*How to complete this task*
Copy the data exactly. Images are the one exception.

*Dataset section*
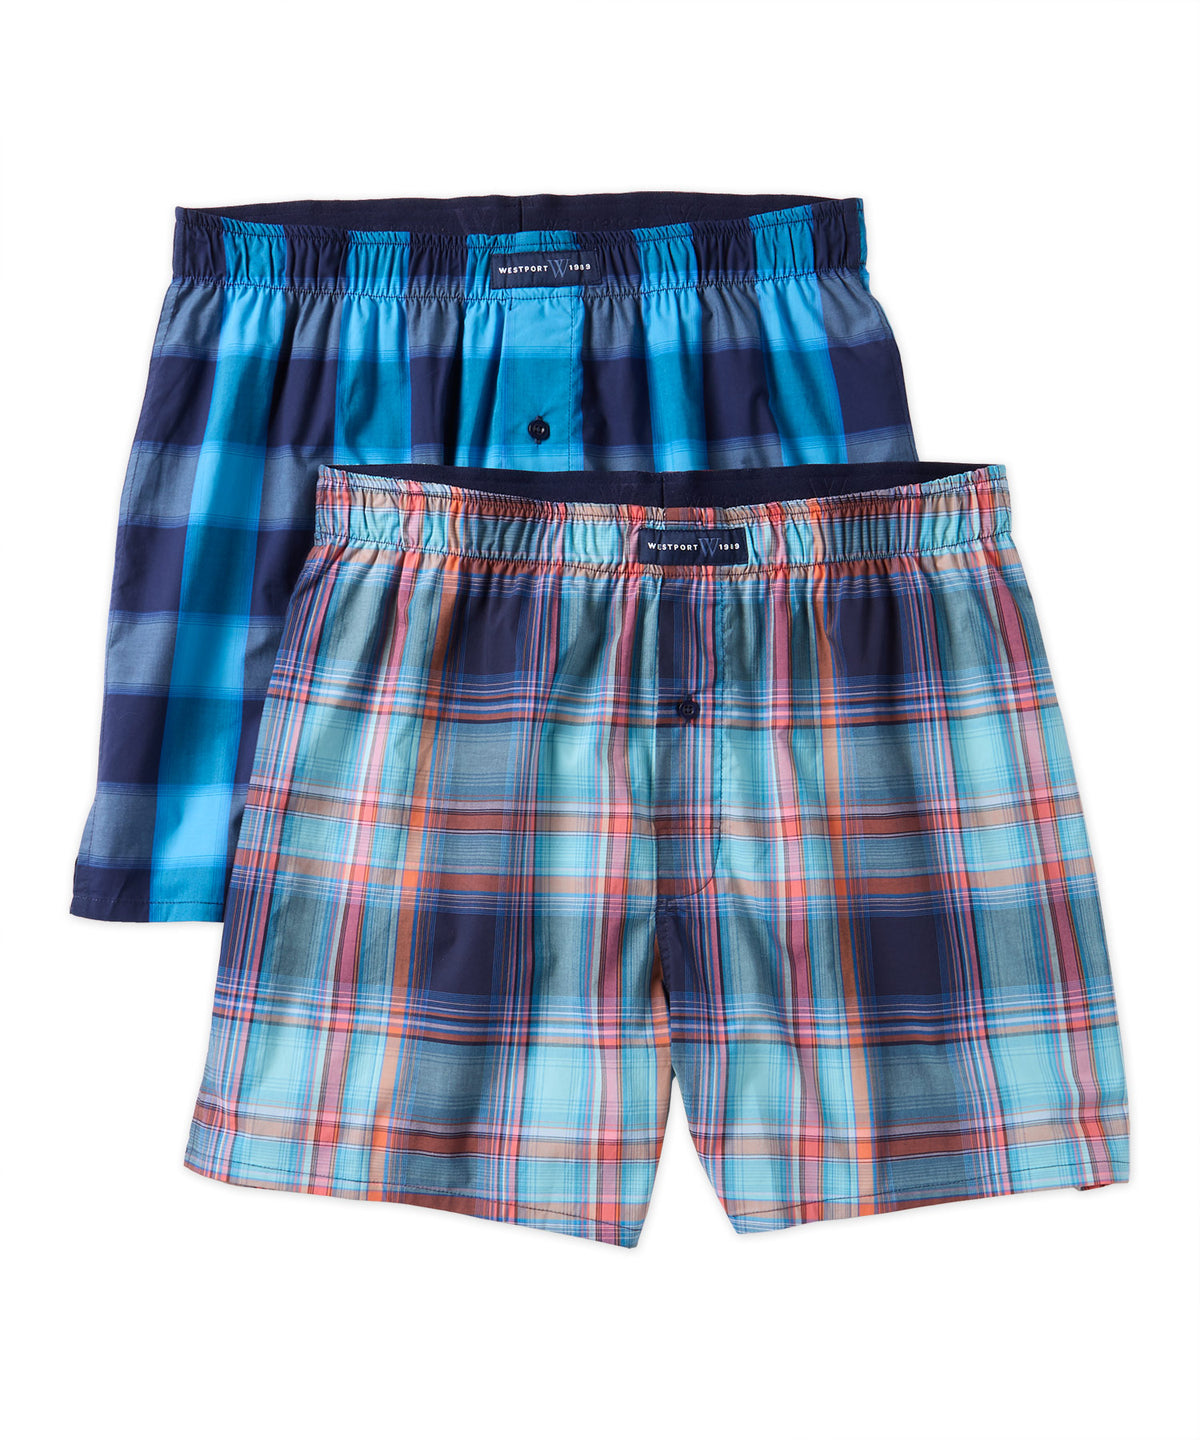 Buy Lucky Brand Men's Underwear - 100% Cotton Knit Boxers (3 Pack) online
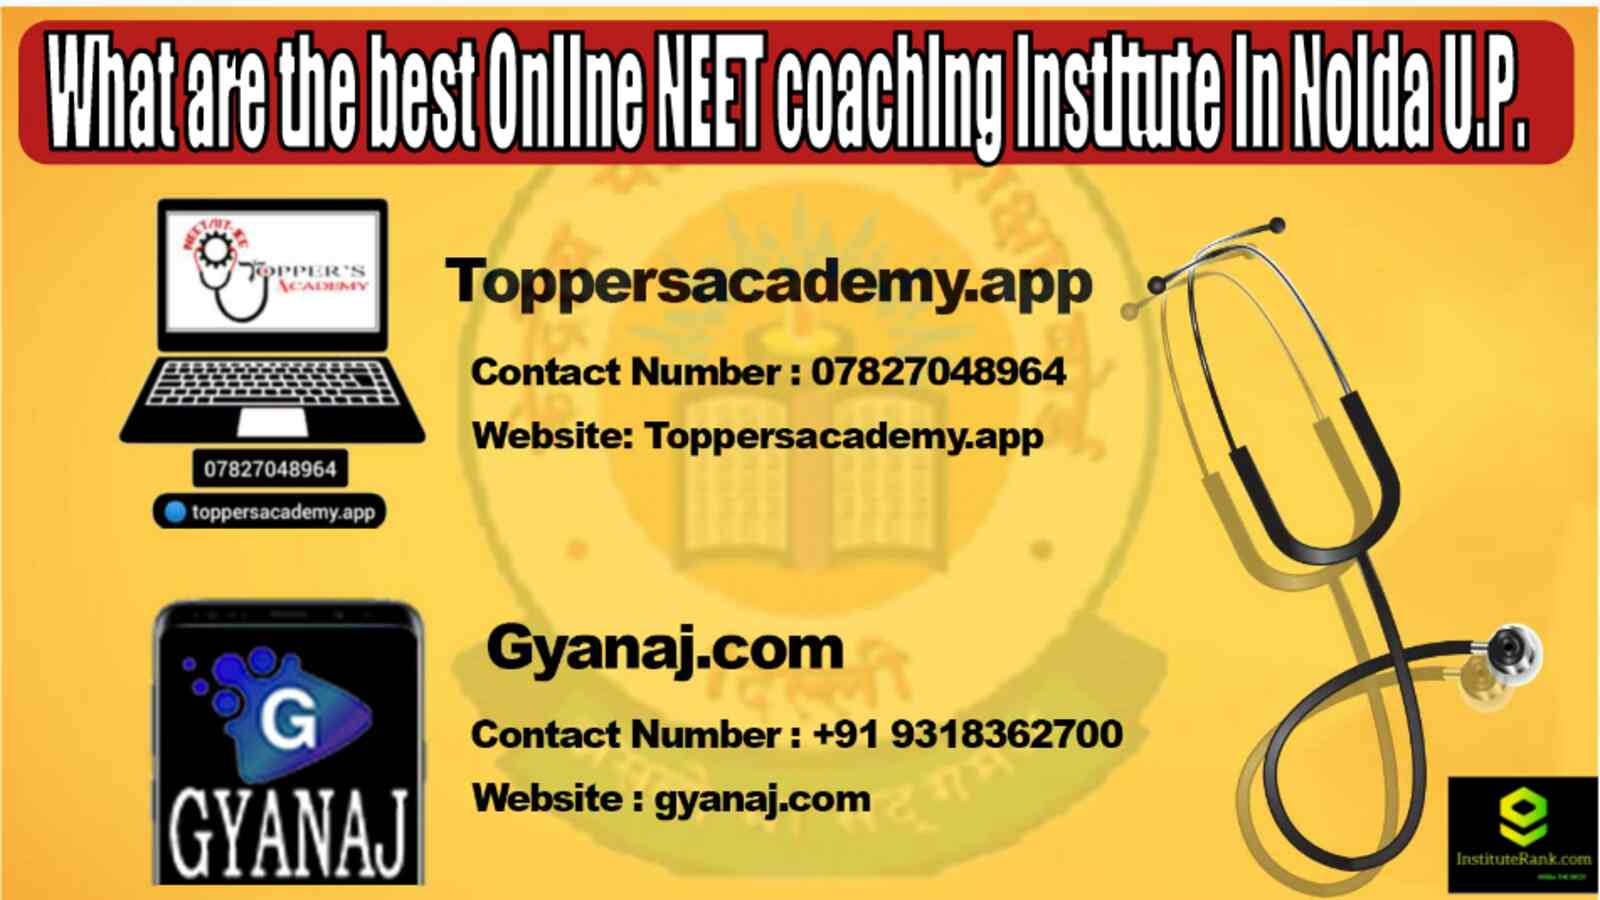 What are the best Online NEET coaching institute in Noida U.P. 2022
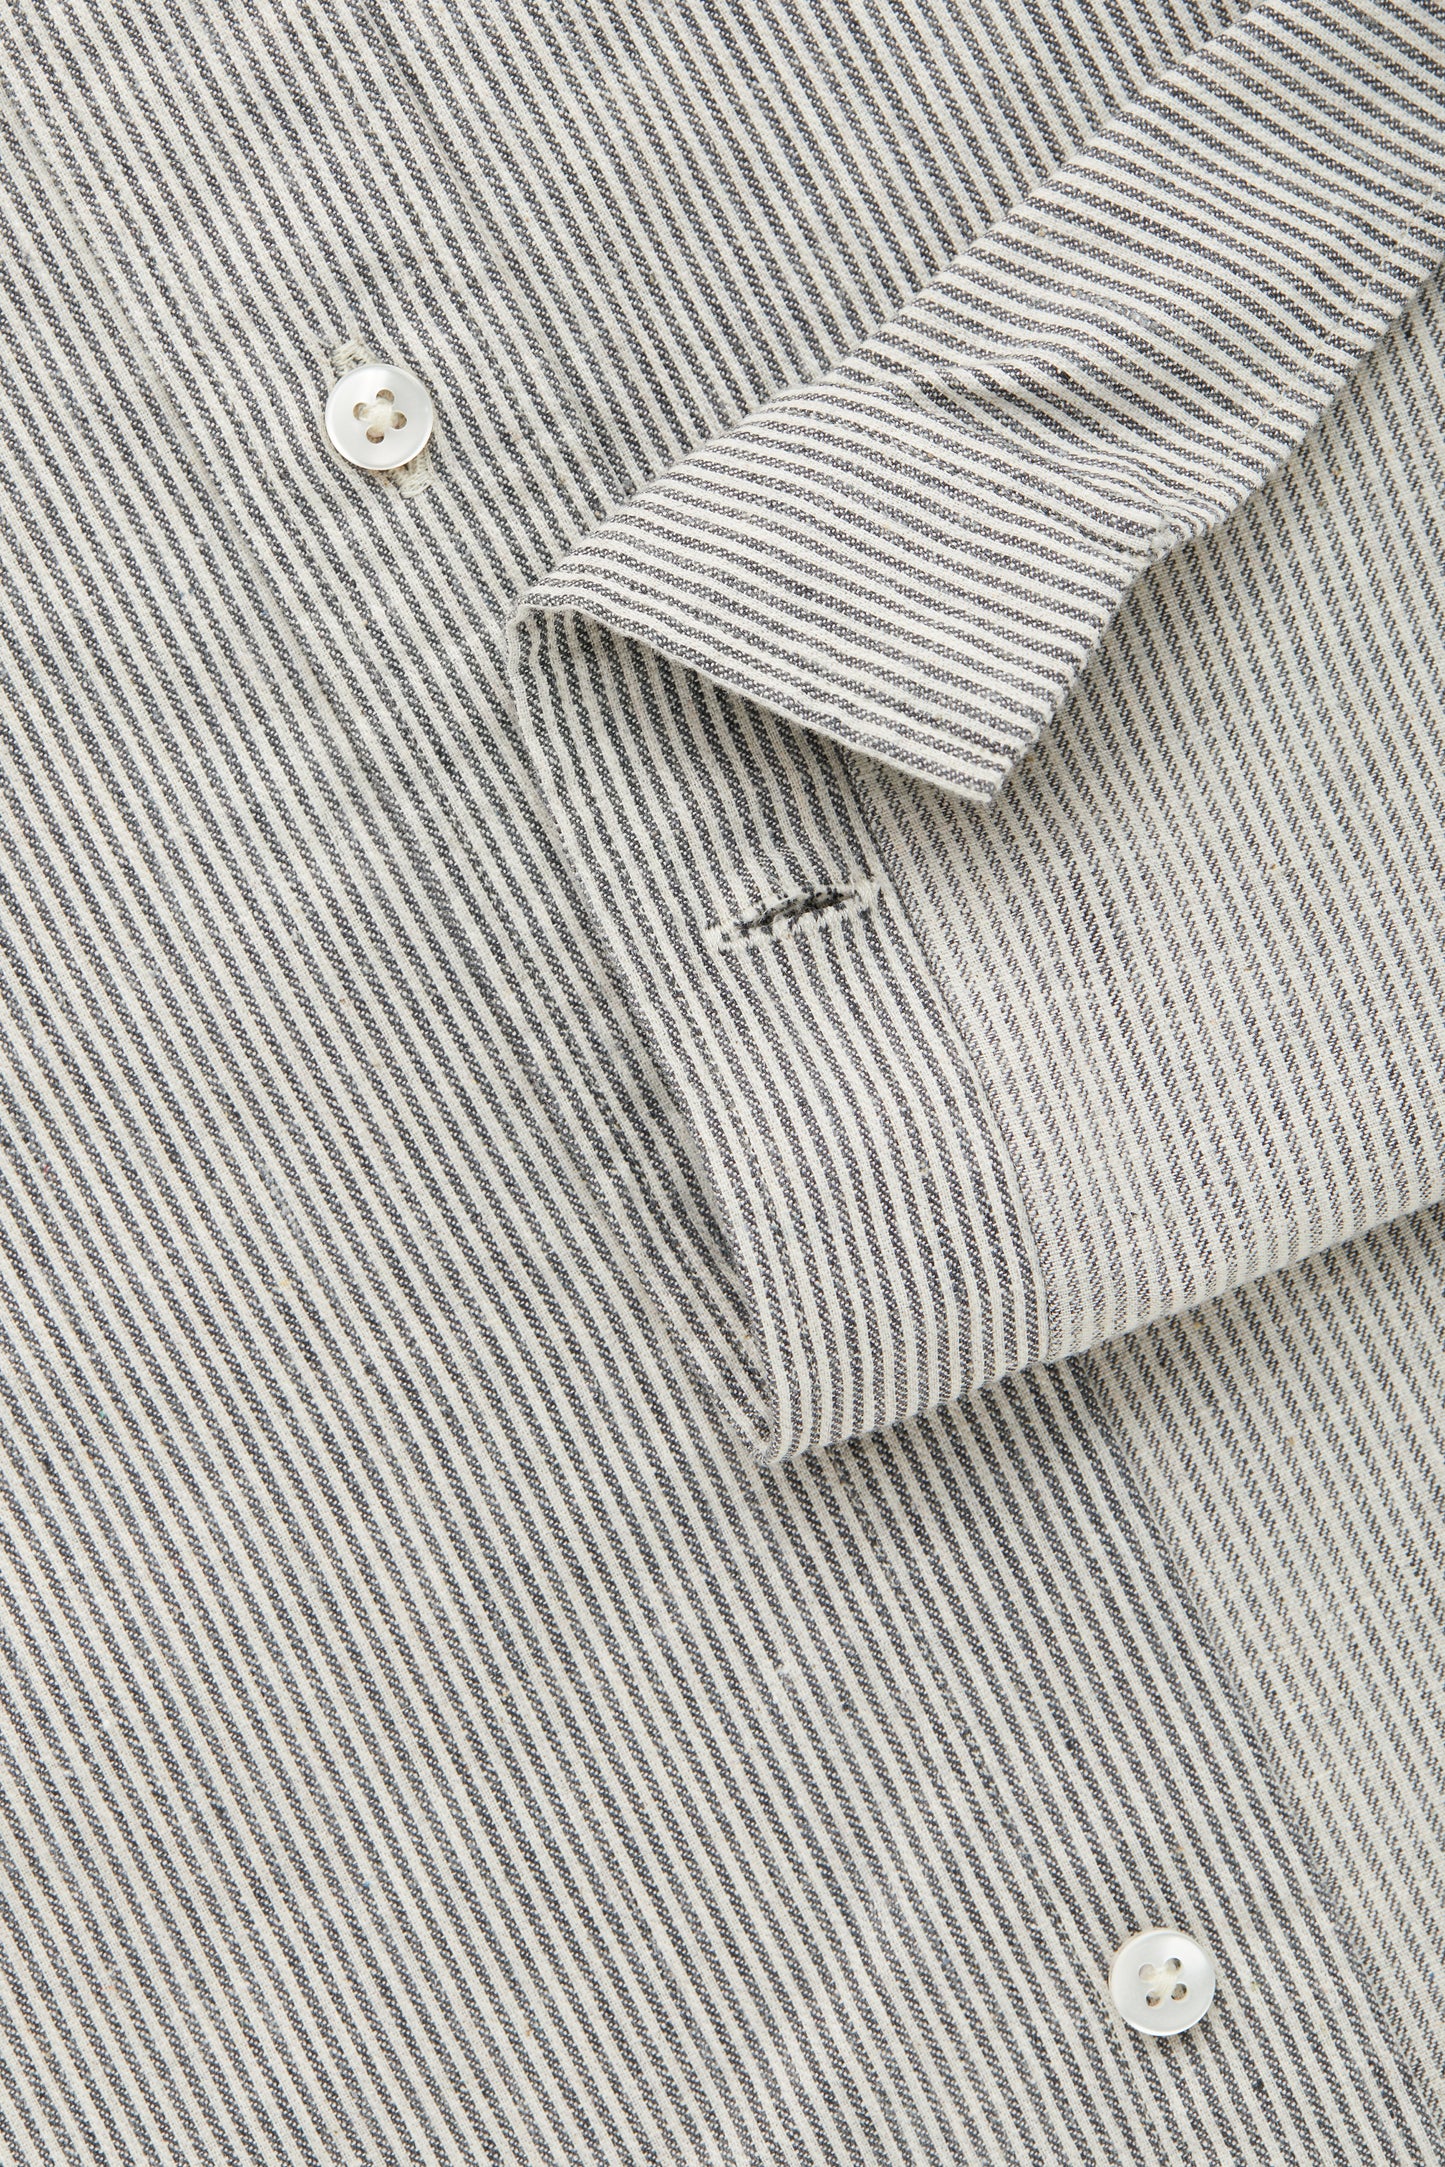 Hickory Striped Cotton Button Up Shirt Regular Fit

*Output of the exercise*
 Buy Lucky Brand Men's Underwear - 100% Cotton Knit Boxers (3 Pack) online
 What are the best Online NEET coaching institute in Noida U.P. 2022
 Hickory Striped Cotton Button Up Shirt Regular Fit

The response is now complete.